GIVEN RECORDS:
--- --- ---

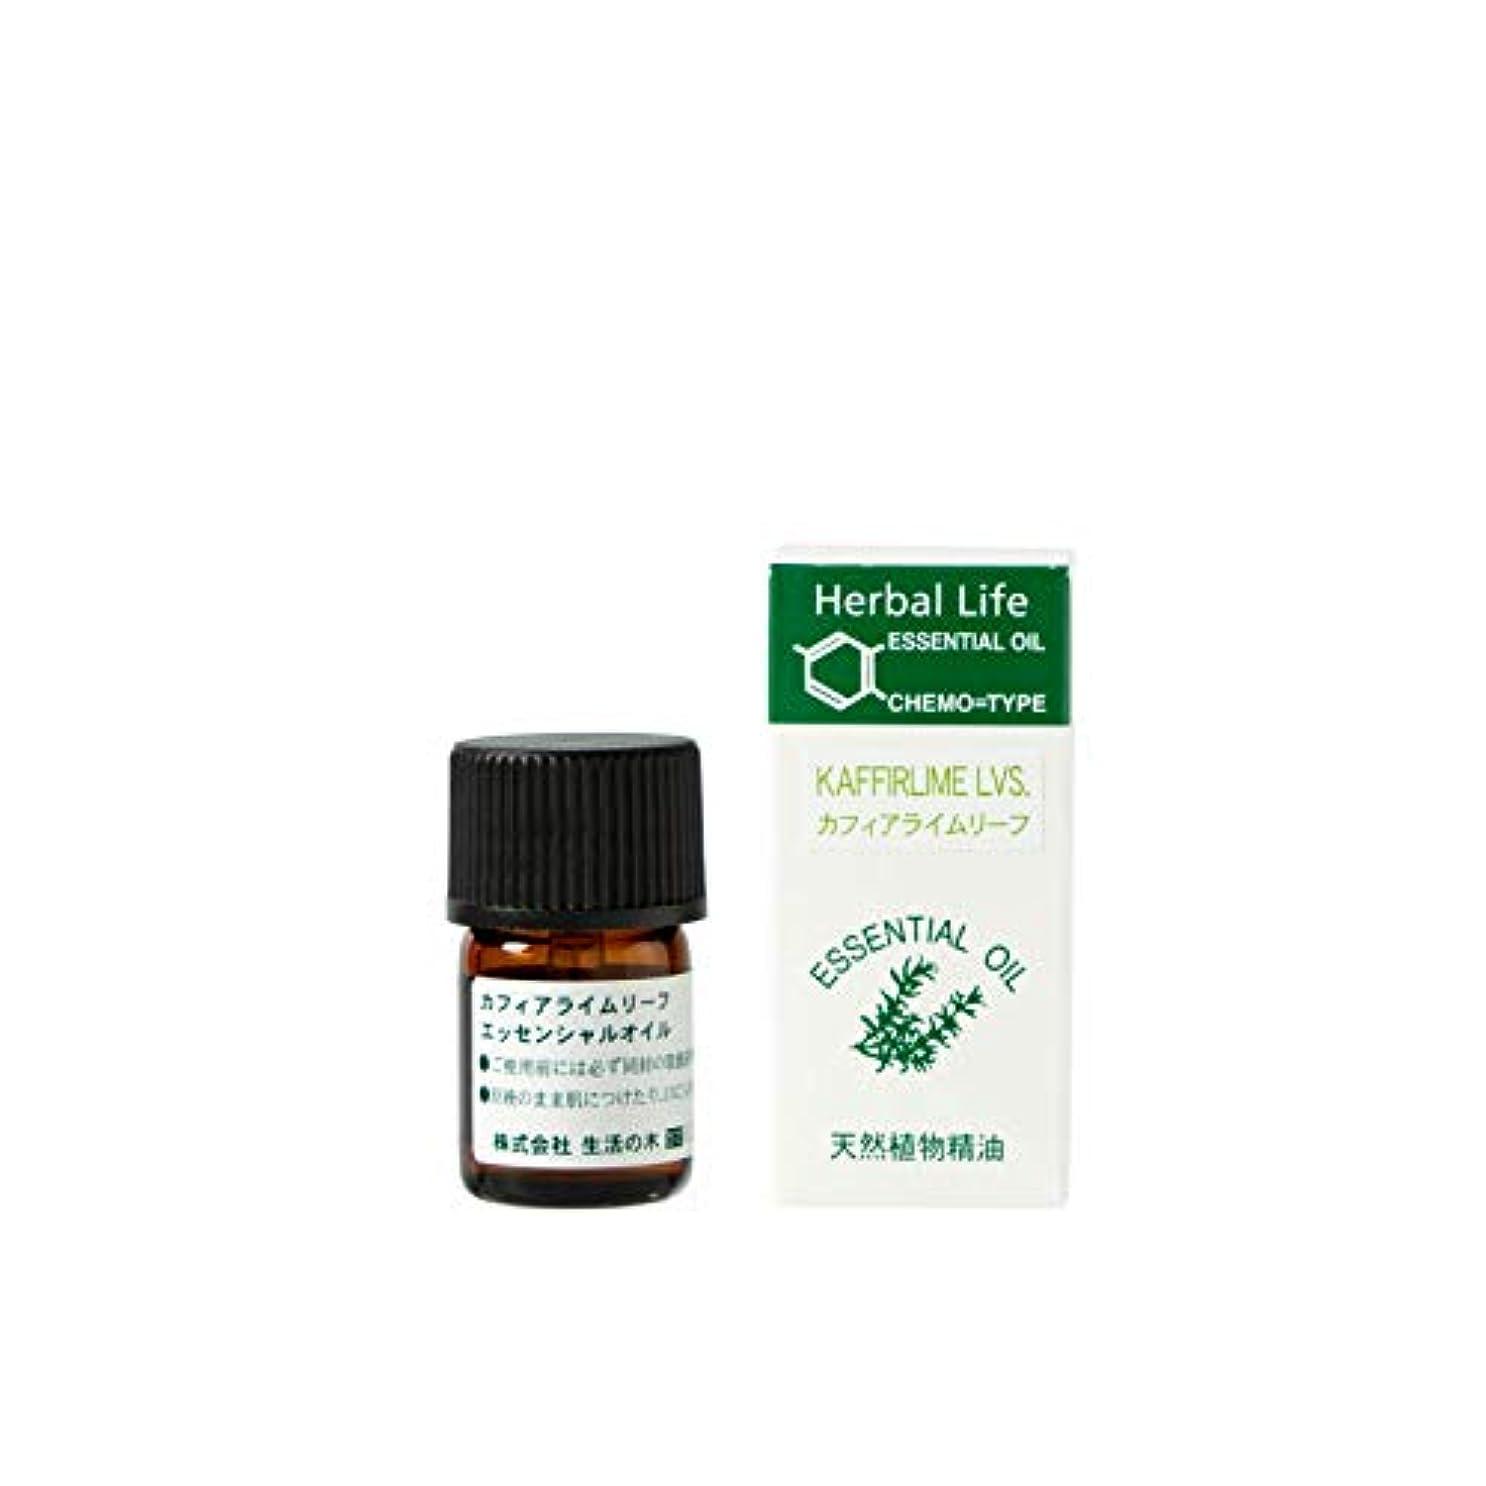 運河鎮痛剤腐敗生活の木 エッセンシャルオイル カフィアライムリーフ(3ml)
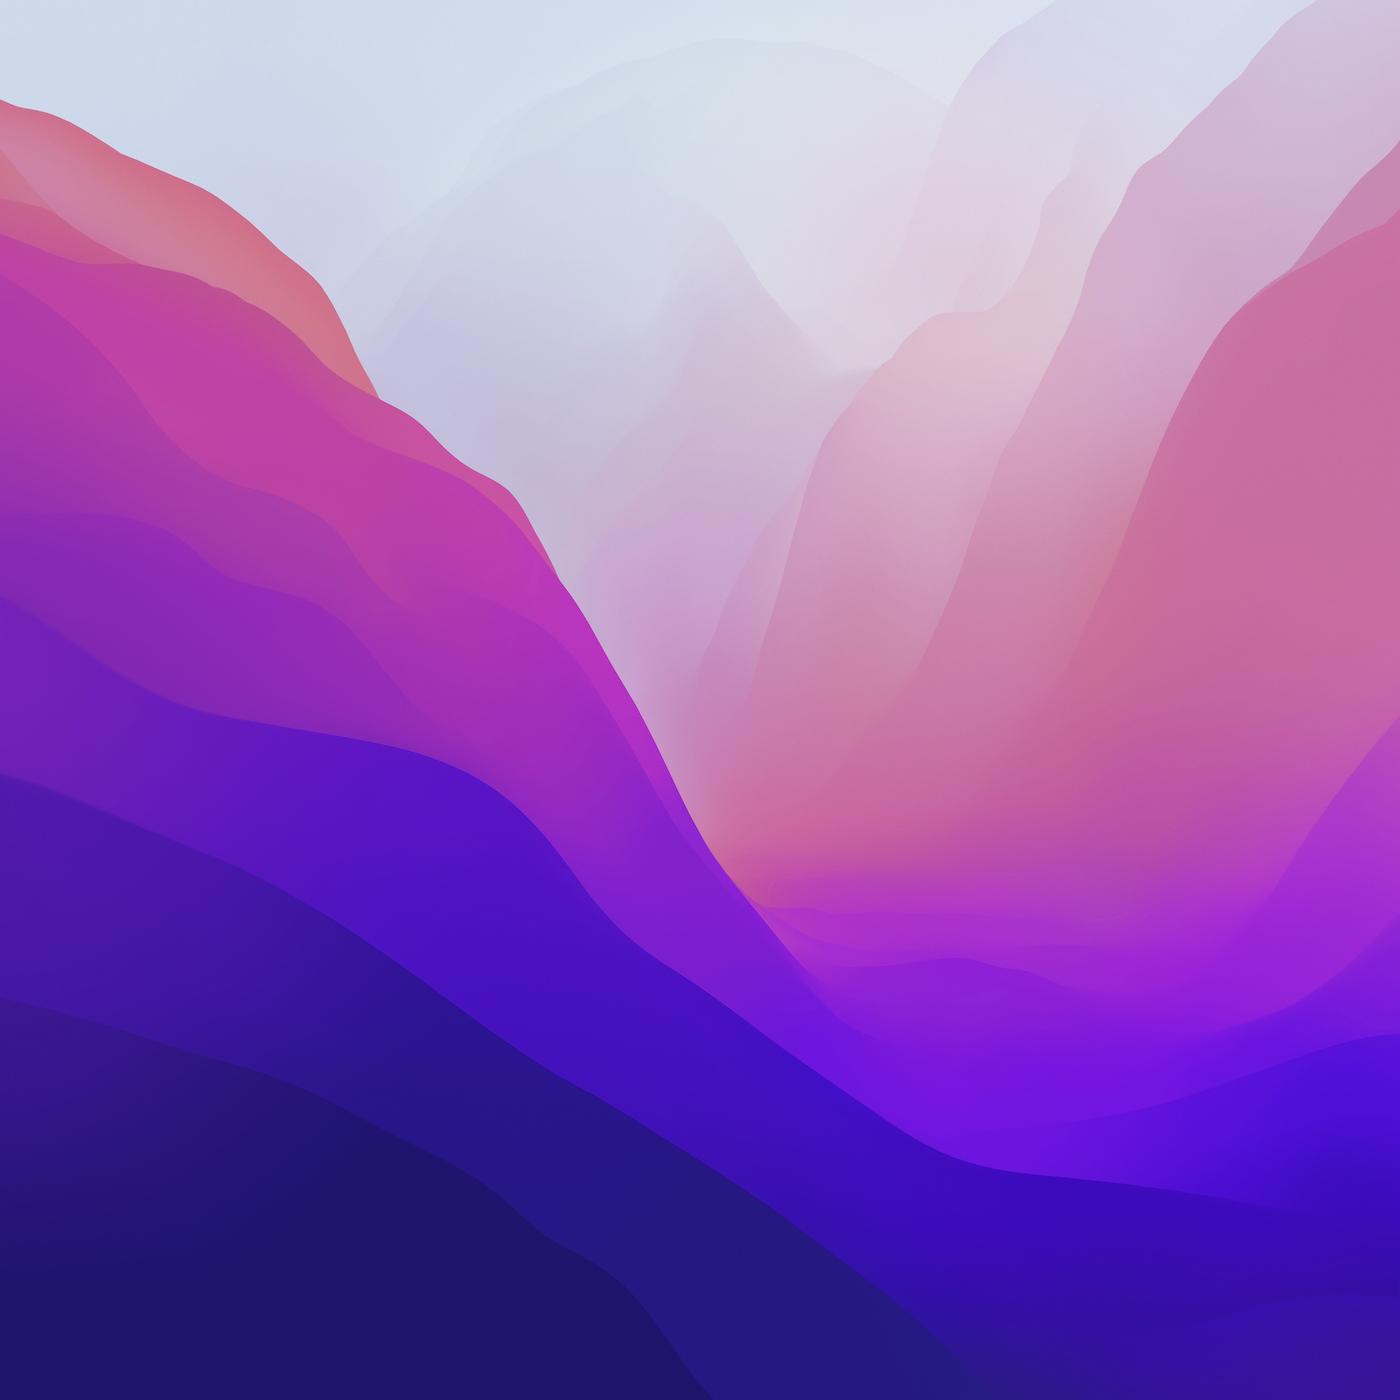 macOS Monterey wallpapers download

--- --- ---

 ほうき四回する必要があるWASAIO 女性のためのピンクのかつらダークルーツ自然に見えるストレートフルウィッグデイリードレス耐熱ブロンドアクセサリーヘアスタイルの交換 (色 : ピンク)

--- --- ---

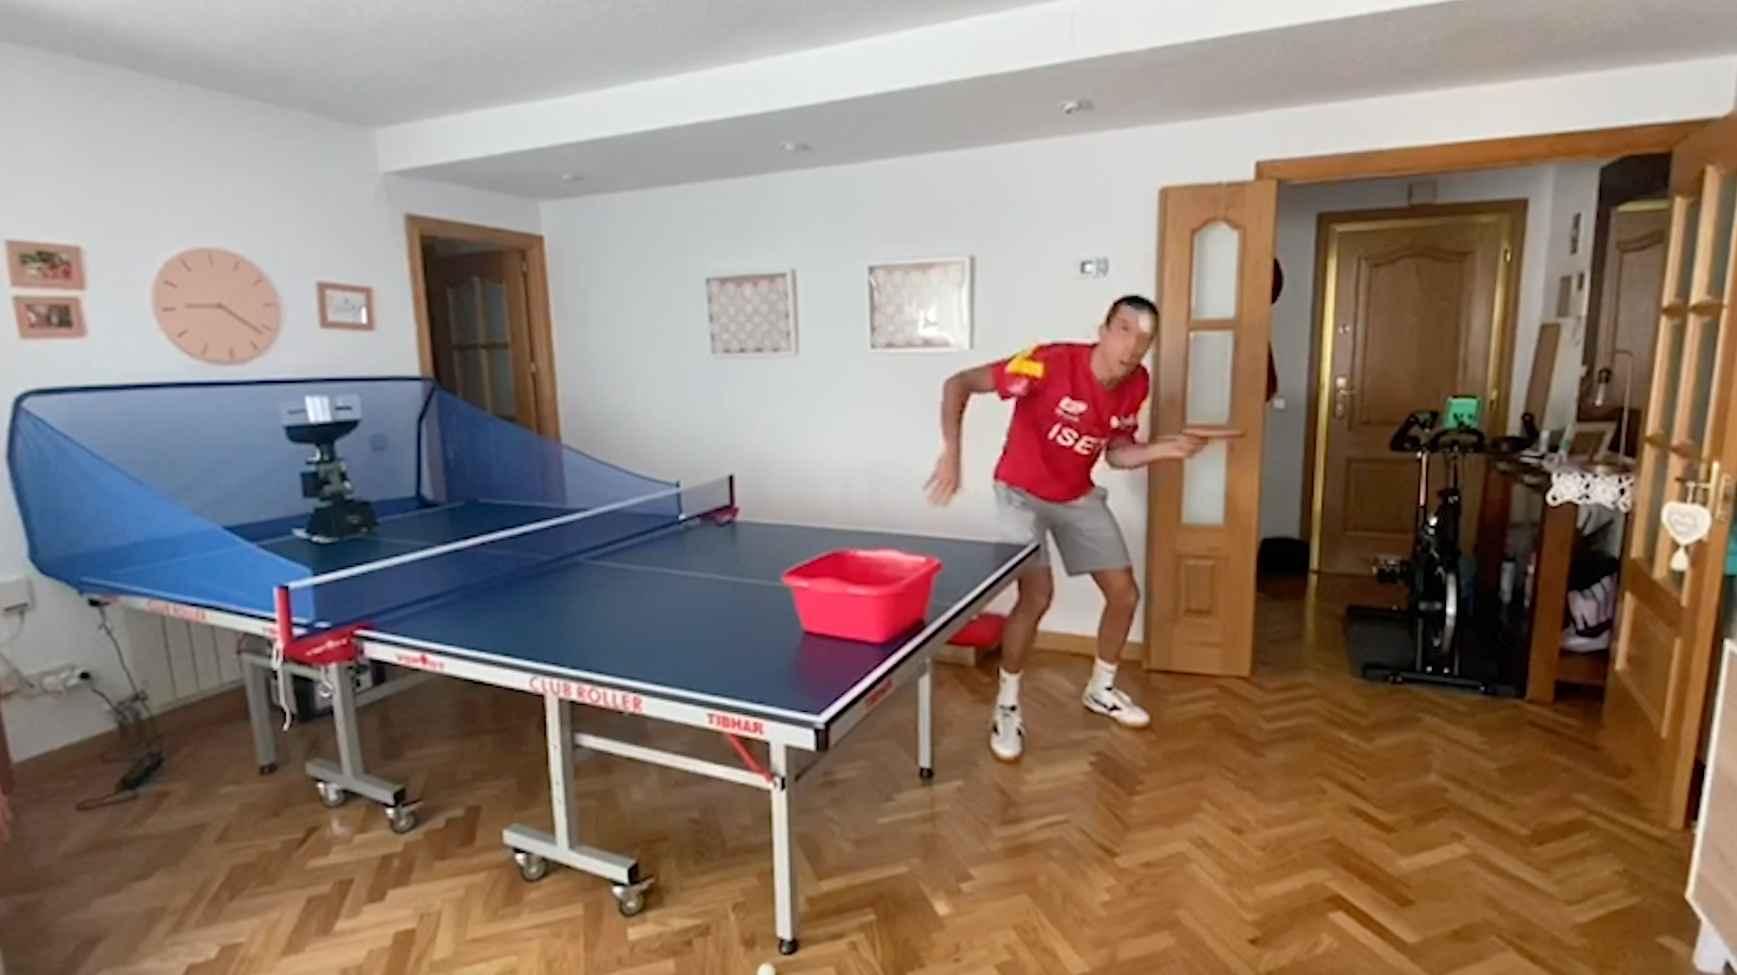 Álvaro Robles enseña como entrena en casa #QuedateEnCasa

--- --- ---

INSTRUCTIONS FOR THE TASK: Go back to the listing above and write out the lines starting at the one with "運河鎮痛剤腐敗生活の木 エッセンシャルオイル カフィアライムリーフ(3ml)" and ending at the one with "macOS Monterey wallpapers download", inclusive, exactly and without pictures.

EXERCISE SOLUTION:
 運河鎮痛剤腐敗生活の木 エッセンシャルオイル カフィアライムリーフ(3ml)
 macOS Monterey wallpapers download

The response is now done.